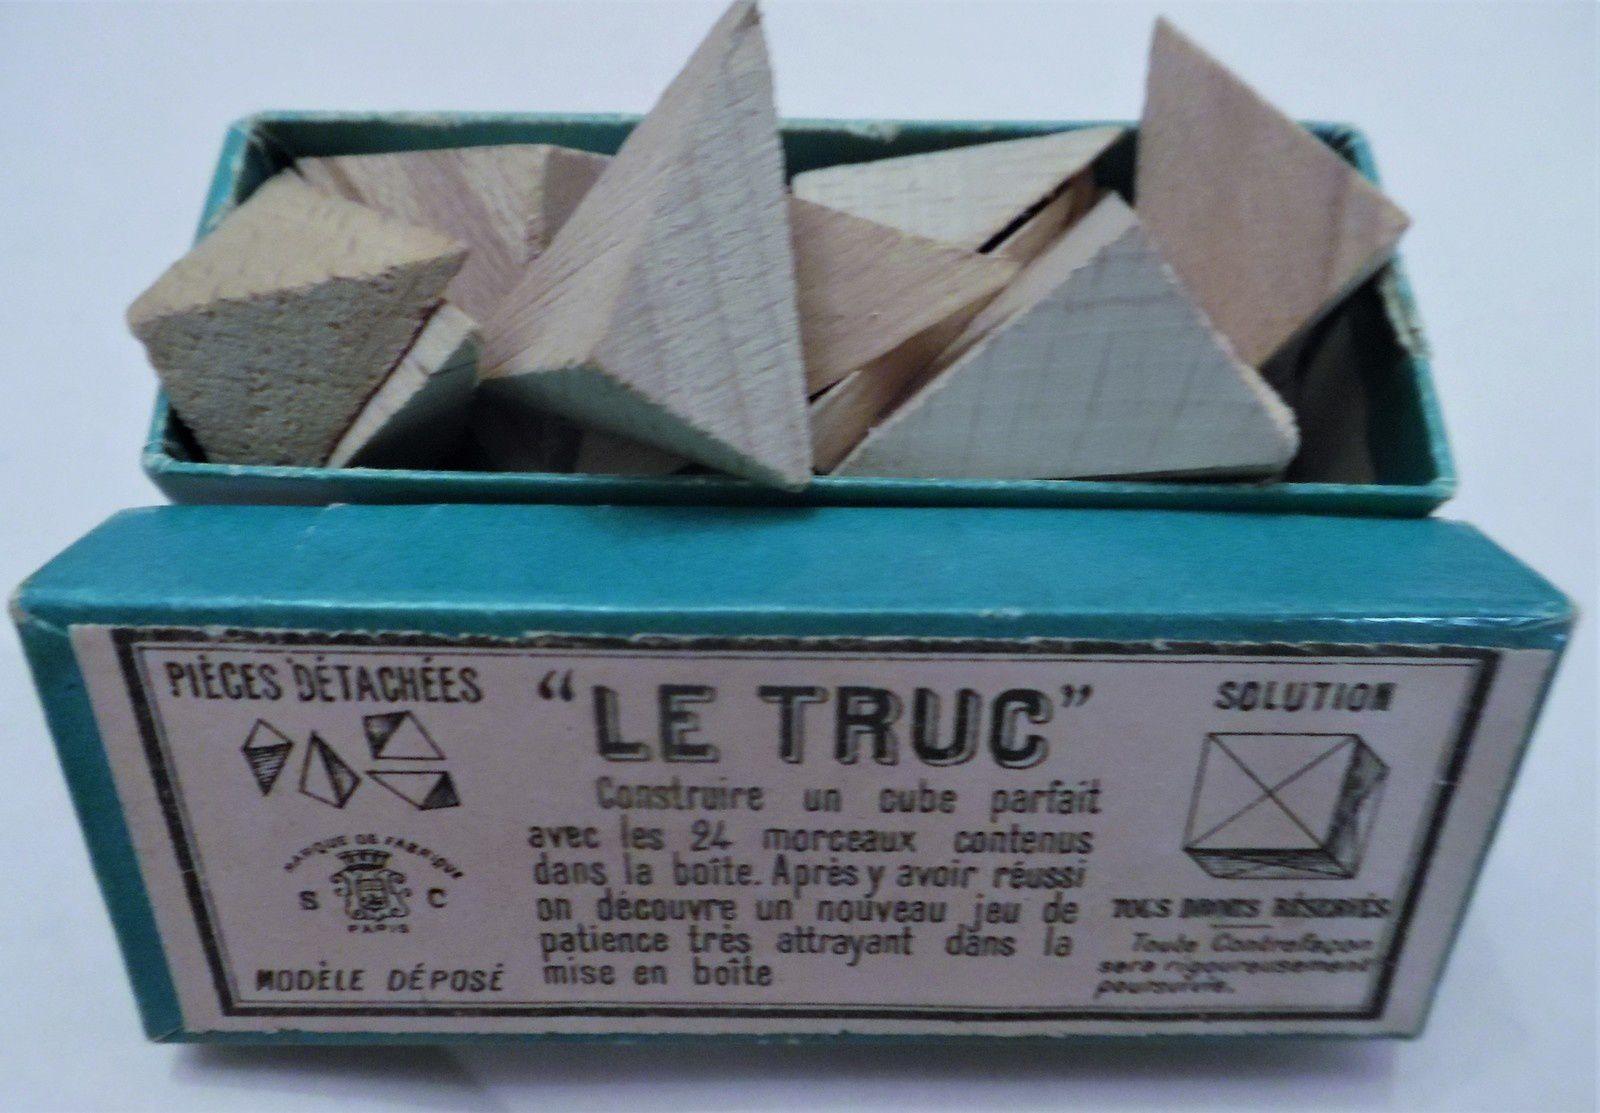 le truc (24 pièces pour former un seul cube, et puis ranger dans la boîte!)
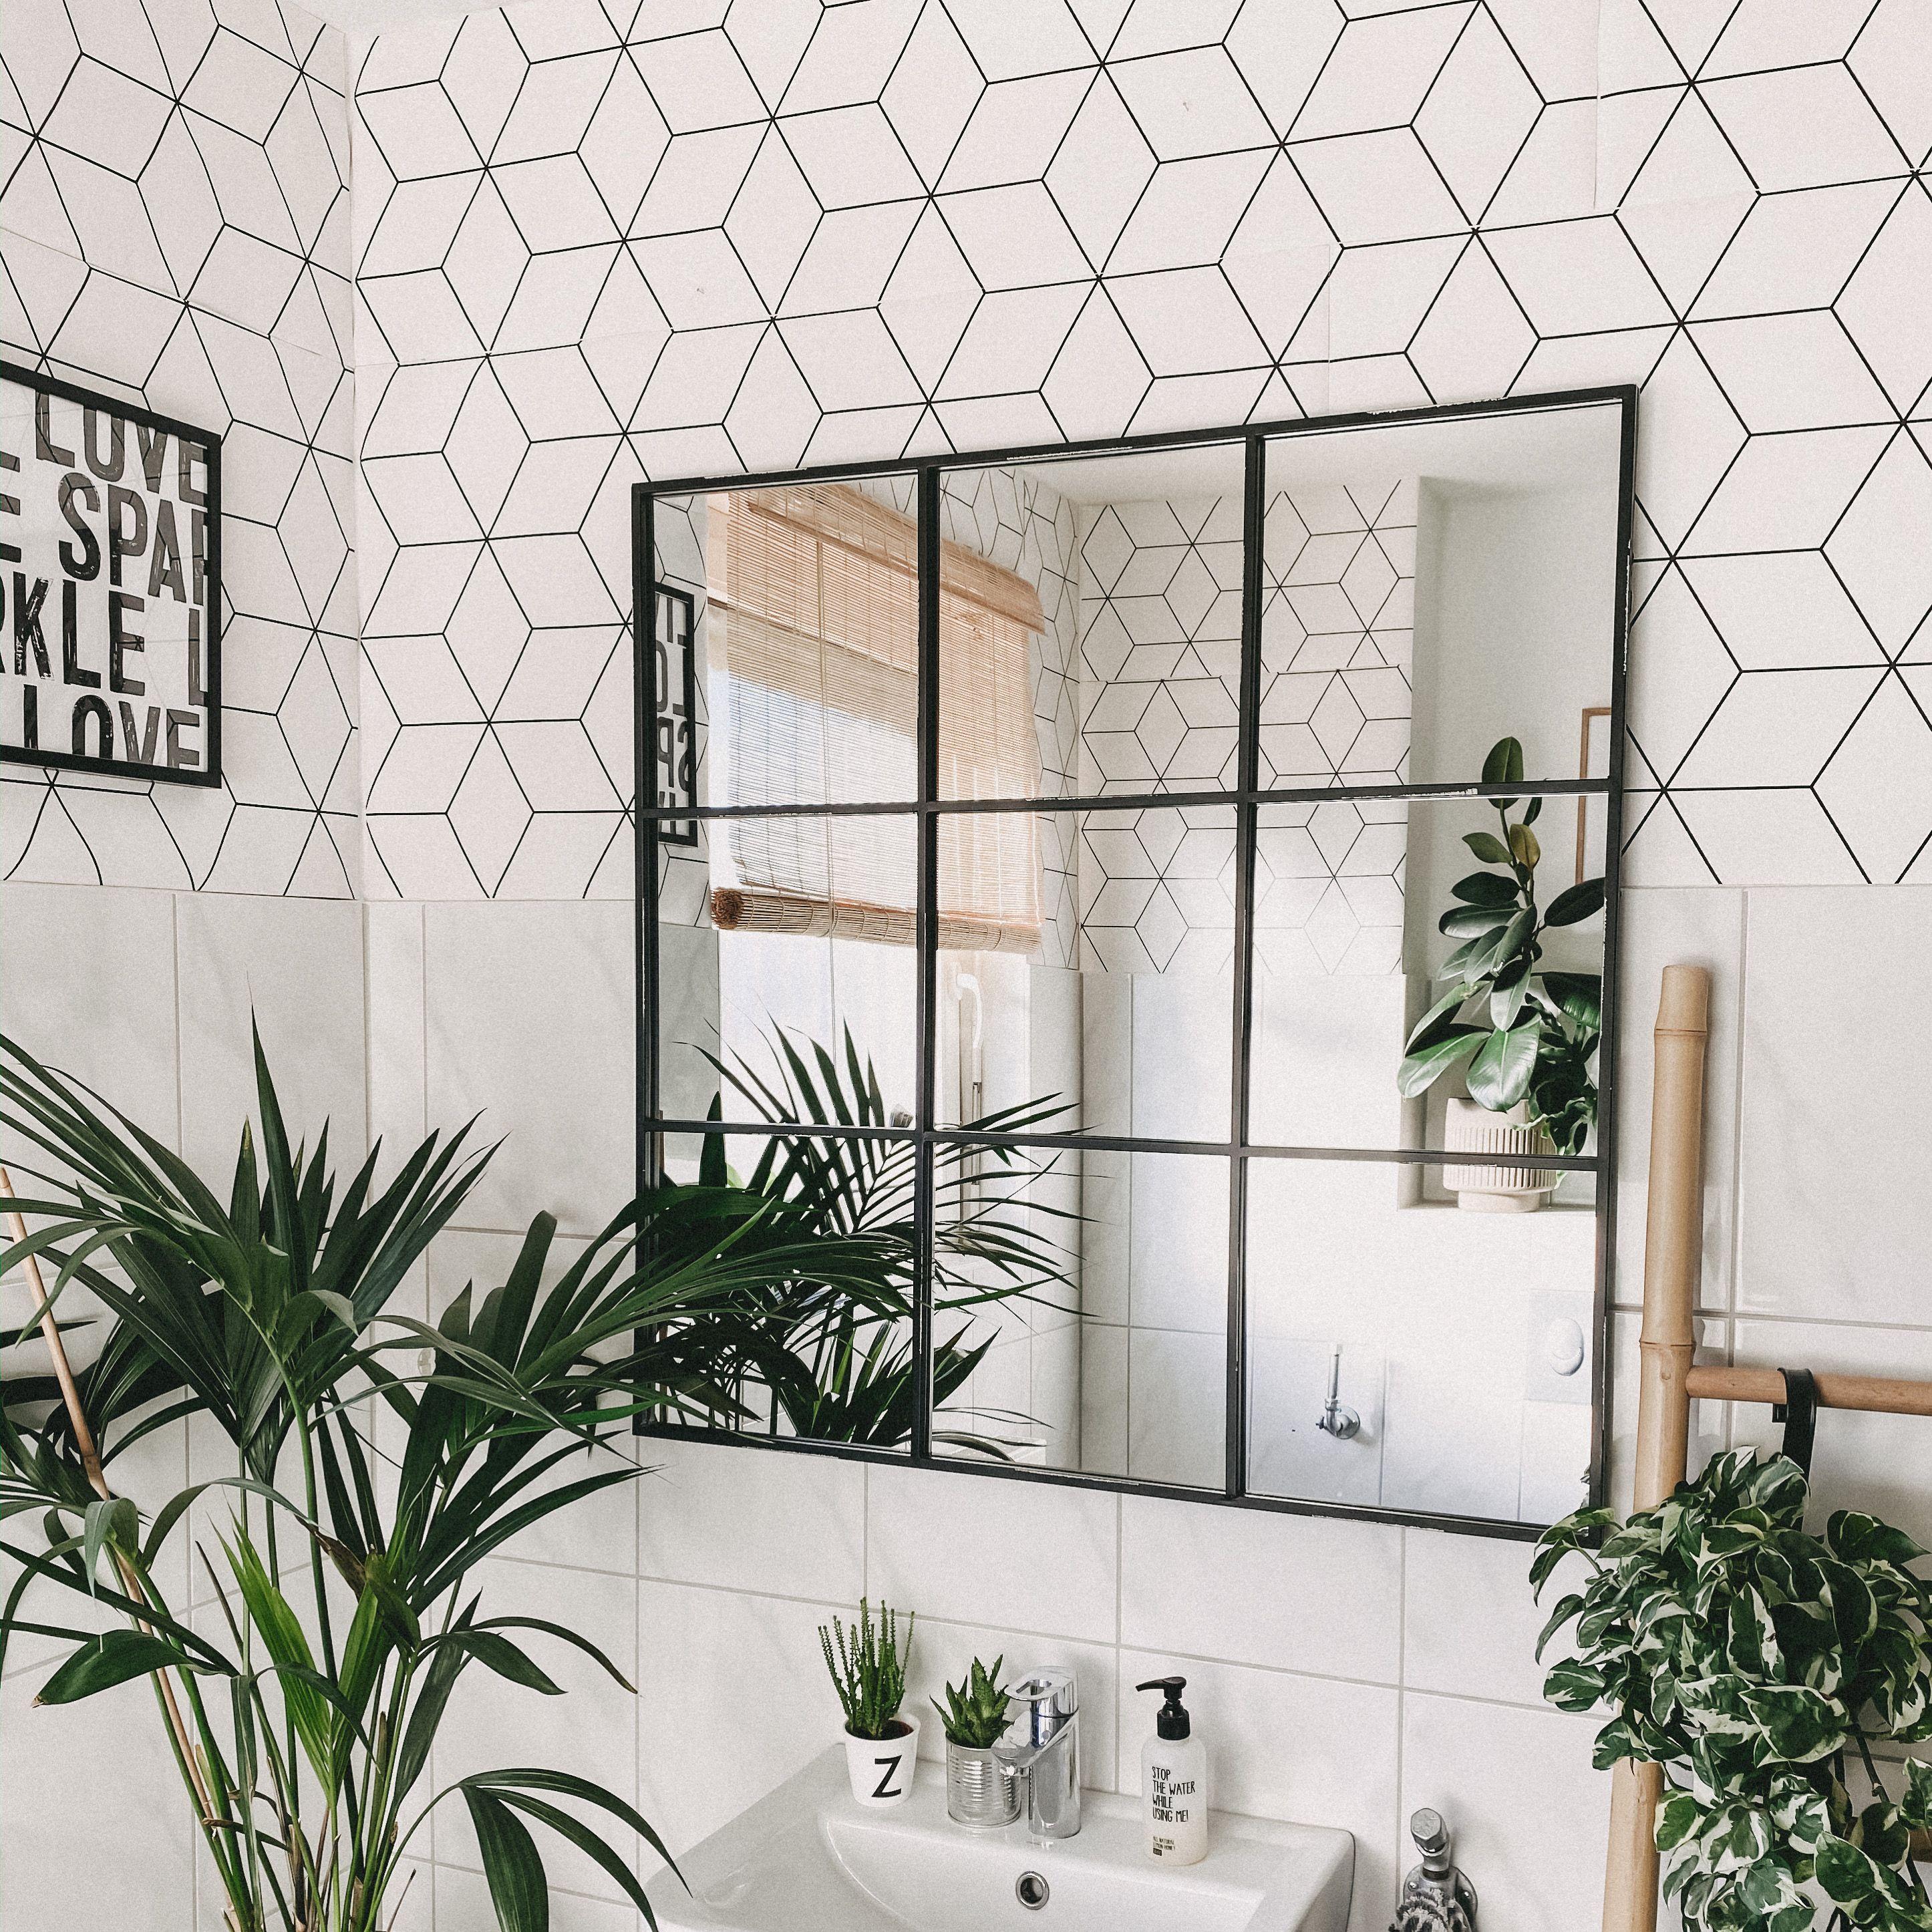 Badezimmer Spiegel Industrial Look In 2020 Mirror Interior Mirror Industrial Mirrors
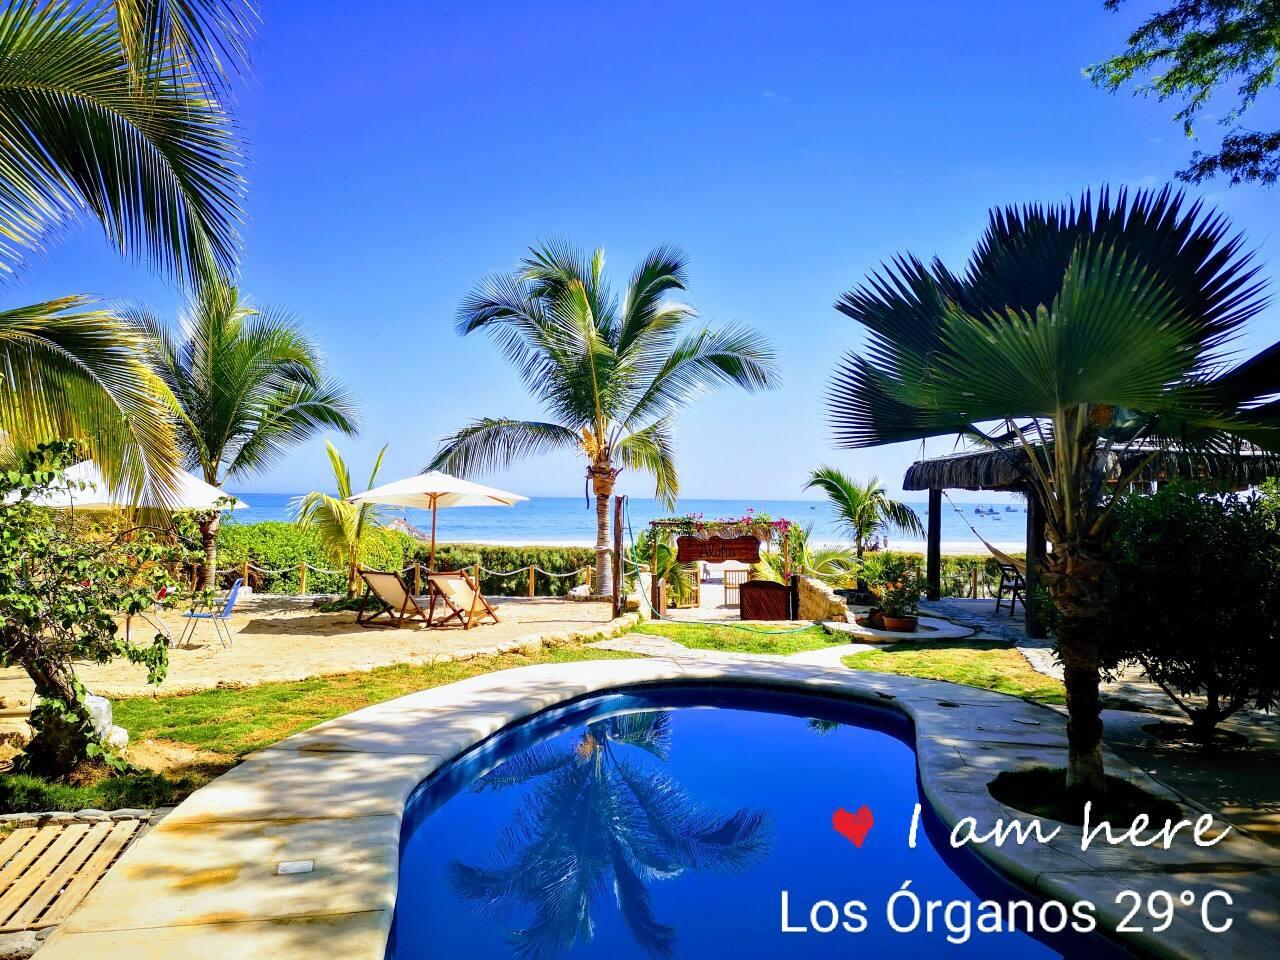 Hermosa casa de playa en el Norte del Perú, Los Órganos - Punta Veleros. El lugar perfecto para desconectarte de la rutina y disfrutar de este paradisiaco lugar frente al mar.

____________________

◆ Goal of the exercise: Transcribe all the lines above exactly, apart from the pictures.

◆ Answer to this problem:
 le truc (24 pièces pour former un seul cube, et puis ranger dans la boîte!)
 Badezimmer Spiegel Industrial Look In 2020 Mirror Interior Mirror Industrial Mirrors
 Hermosa casa de playa en el Norte del Perú, Los Órganos - Punta Veleros. El lugar perfecto para desconectarte de la rutina y disfrutar de este paradisiaco lugar frente al mar.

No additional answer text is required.